§ 7612. Application for involuntary treatment
(a) An interested party may, by filing a written application, commence proceedings for
the involuntary treatment of an individual by judicial process.
(b) The application shall be filed in the Family Division of the Superior Court.
(c) If the application is filed under section 7508 or 7620 of this title, it shall be filed in the unit of the Family Division of the Superior Court in which
the hospital is located. In all other cases, it shall be filed in the unit in which
the proposed patient resides. In the case of a nonresident, it may be filed in any
unit. The court may change the venue of the proceeding to the unit in which the proposed
patient is located at the time of the trial.
(d) The application shall contain:
(1) The name and address of the applicant.

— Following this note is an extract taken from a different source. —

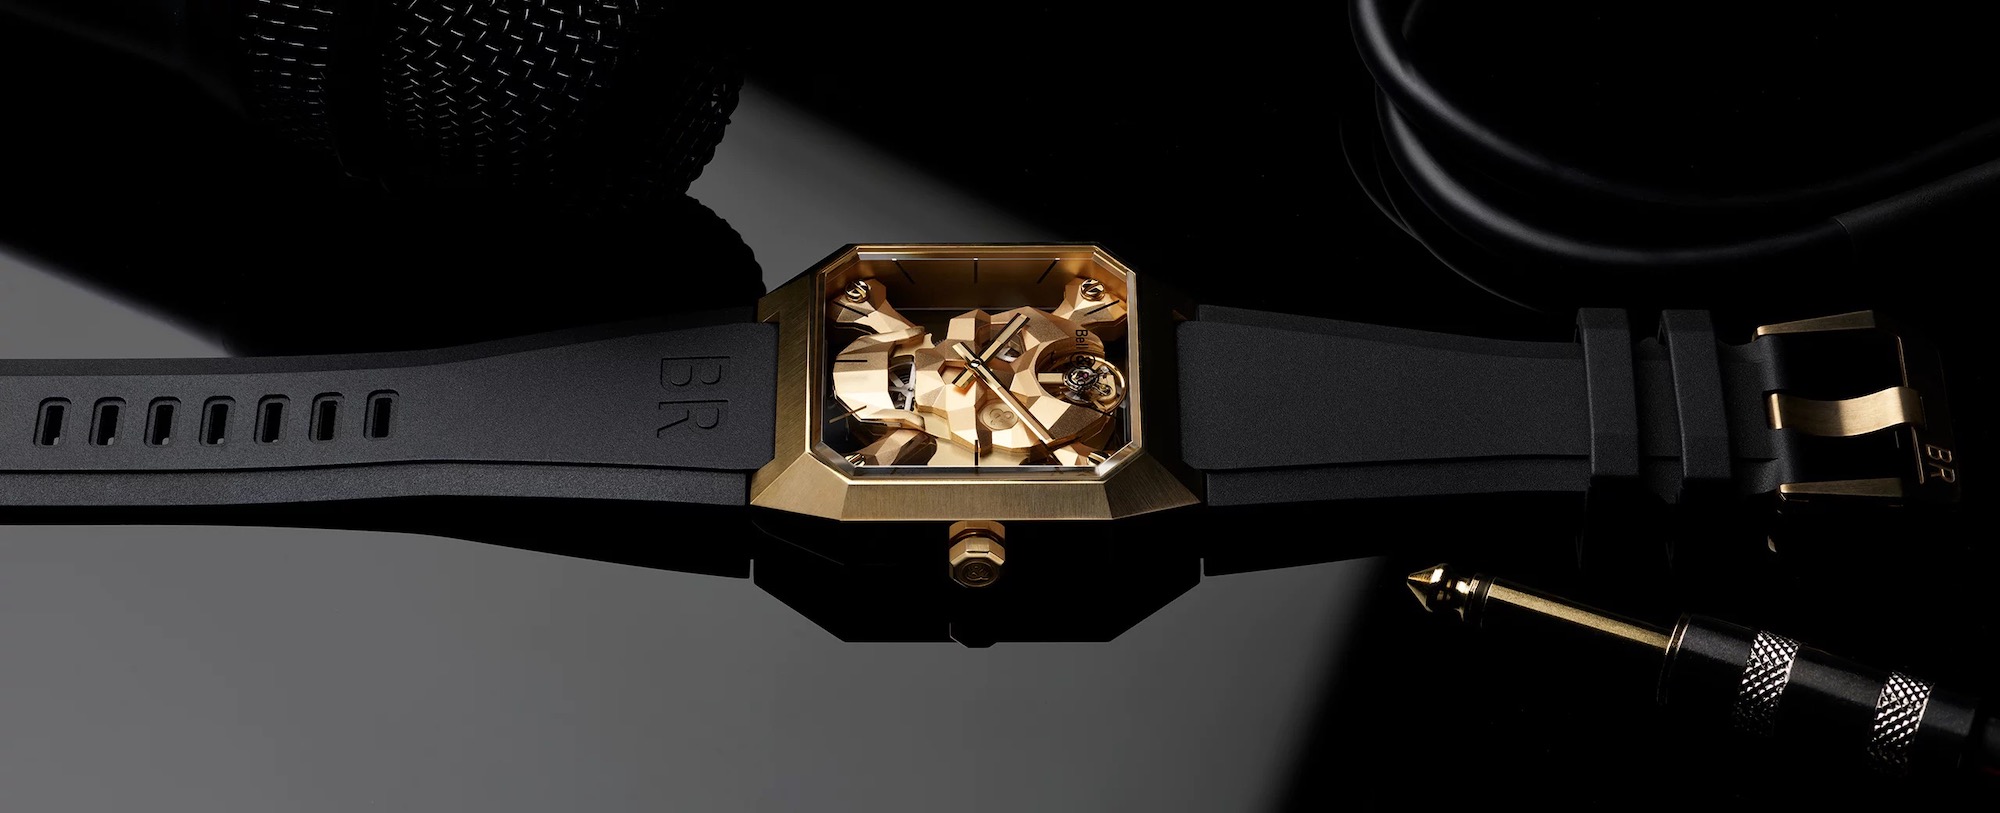 Bell & Ross BR 01 Cyber Skull Bronze Limited Edition BR01-CSK-BR:SRB Lifestyle

(2) A statement of the current and relevant facts upon which the allegation of mental
illness and need for treatment is based. The application shall be signed by the applicant
under penalty of perjury.
(e) The application shall be accompanied by:
(1) a certificate of a licensed physician, which shall be executed under penalty of perjury
stating that the physician has examined the proposed patient within five days after
the date the petition is filed and is of the opinion that the proposed patient is
a person in need of treatment, including the current and relevant facts and circumstances
upon which the physician’s opinion is based; or
(2) a written statement by the applicant that the proposed patient refused to submit to
an examination by a licensed physician.
(f) Before an examining physician completes the certificate of examination, the examining
physician shall consider available alternative forms of care and treatment that might
be adequate to provide for the person’s needs without requiring hospitalization. The
examining physician shall document on the certificate the specific alternative forms
of care and treatment that the examining physician considered and why those alternatives
were deemed inappropriate, including information on the availability of any appropriate
alternatives.
(g) If the Commissioner seeks to have the patient receive treatment in a secure residential
recovery facility or a psychiatric residential treatment facility for youth, the application
for an order authorizing treatment shall expressly state that such treatment is being
sought. The application shall contain, in addition to the statements required by subsections
(d) and (e) of this section, a statement setting forth the reasons for the Commissioner’s
determination that clinically appropriate treatment for the patient’s condition can
be provided safely only in a secure residential recovery facility or a psychiatric
residential treatment facility for youth, respectively. (Added 1977, No. 252 (Adj. Sess.), § 19; amended 2009, No. 154 (Adj. Sess.), § 238; 2013, No. 192 (Adj. Sess.), § 9; 2023, No. 6, § 202, eff. July 1, 2023; 2023, No. 137 (Adj. Sess.), § 10, eff. July 1, 2024.)